The goblet or pod-shaped fruit bodies of Caripia montagnei are up to 25 mm tall with a cap diameter up to 6 mm. The cap margin of young fruit bodies curves slightly inward, but the caps enlarge by intercalary growth between the top of the stipe and the margin, so older specimens develop an obconic (reversed cone) or roughly cylindrical shape with a flattened, and then concave top. The color is whitish to cream, and the surface texture is initially smooth, although the fruit body can develop wrinkles in age. The thin, smooth stipe is brown to purplish brown. The hymenium (spore-bearing tissue) is on the outside surface of the cap, rather than the inside, as is usual for cup-shaped fungi. It grows to about 300 μm thick, and develops irregular surface lumps. The thin-walled spores are narrowly pip-shaped, inamyloid, and measure 5–6 by 2.5–3.3 μm.
Another stalked cup fungus, Dumontinia tuberosa (formerly Sclerotinia tuberosa), is vaguely similar in appearance to Caripia montagnei, but it is larger, with cups up to 3 cm across and stipes up to 10 cm, and the cups are brown.

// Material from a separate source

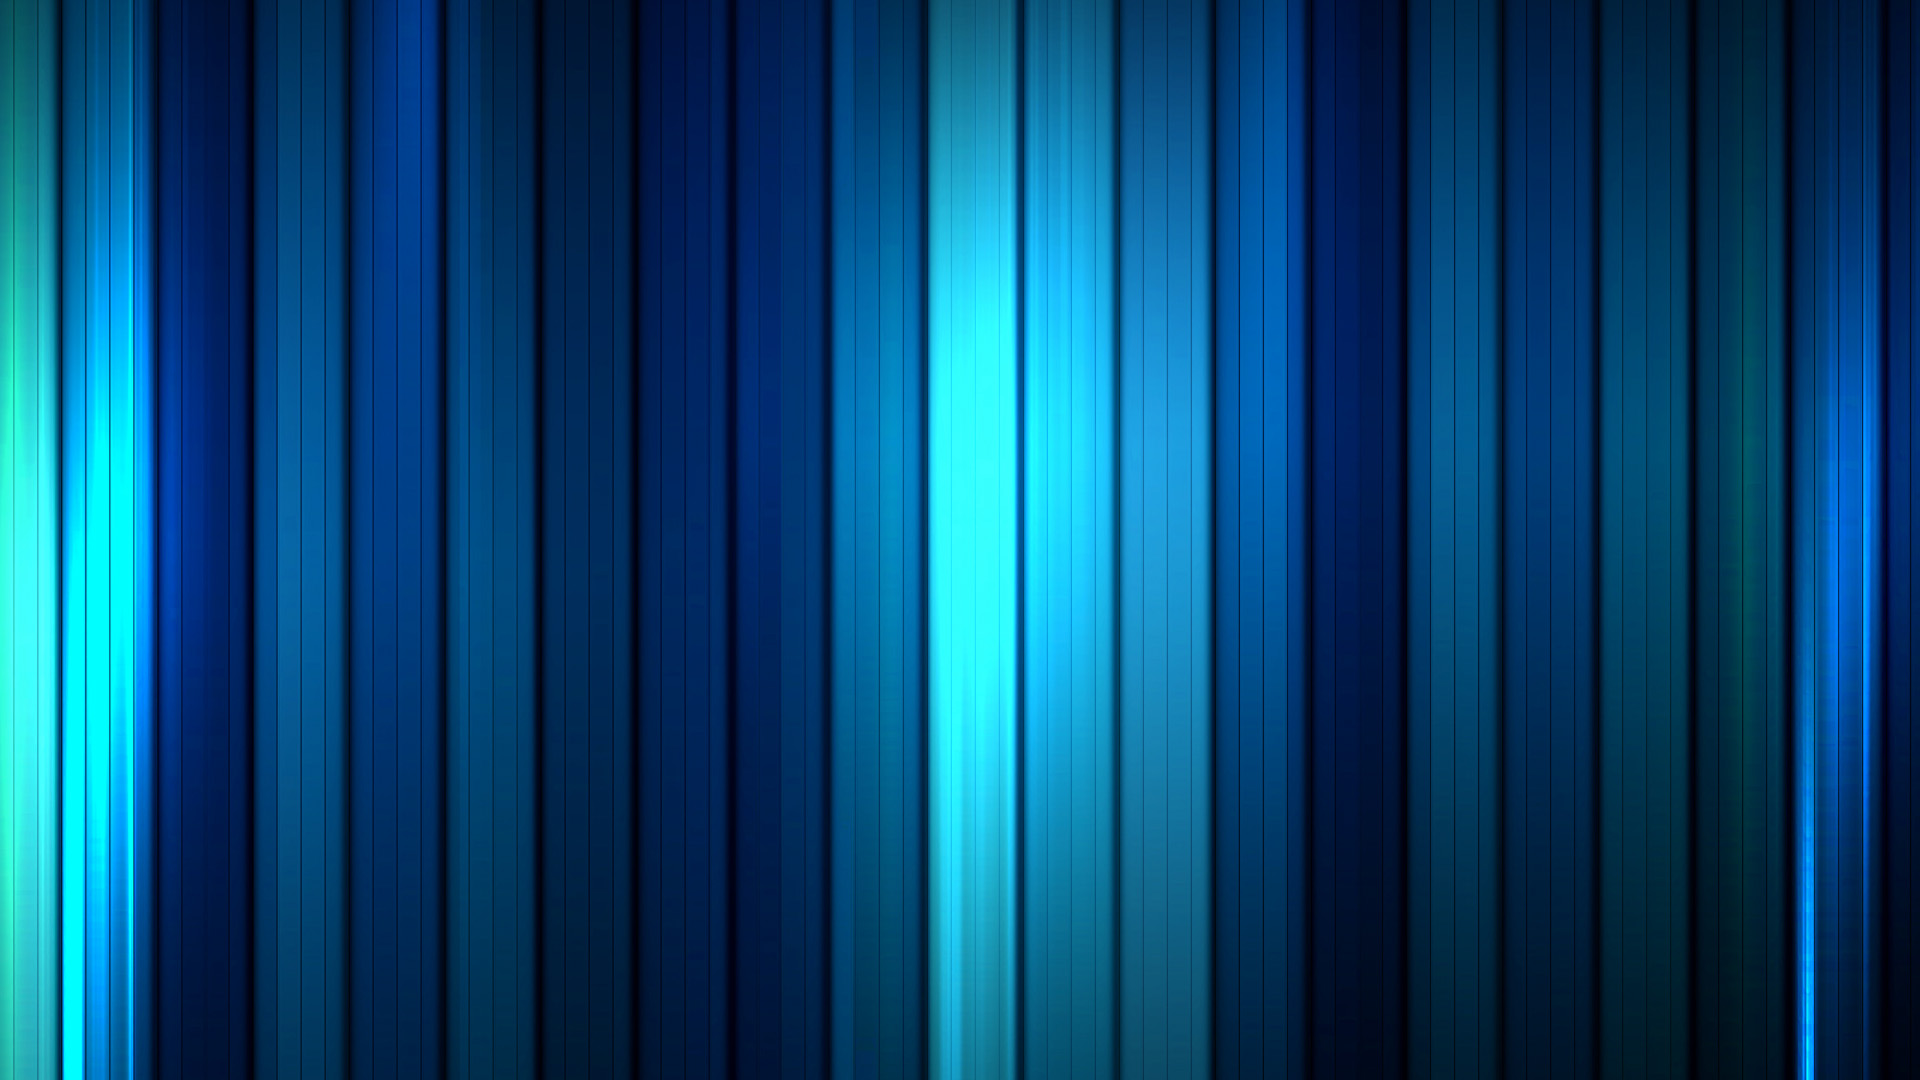 immagini di sfondo hd,blu,blu cobalto,turchese,verde,blu elettrico

==Habitat and distribution==

Caripia montagnei occurs in the woodlands of Central America and South America, where it grows in close groups on branches and sticks of deciduous trees.

==Bioactive compounds==

The compound caripyrin (trans-5-(3-methyloxiranyl)pyridincarboxylic acid methyl ester) was isolated and identified from the fruit bodies of the fungus and reported in 2010. The chemical inhibits the conidial germination and appressorium formation of the rice blast fungus Magnaporthe oryzae. Compared to the structurally related fungal metabolite fusaric acid, it protects plants better, but lacks cytotoxic, antibacterial, and nematicidal activity. Fruit bodies contain polysaccharides that have been shown in laboratory tests to have antiinflammatory properties.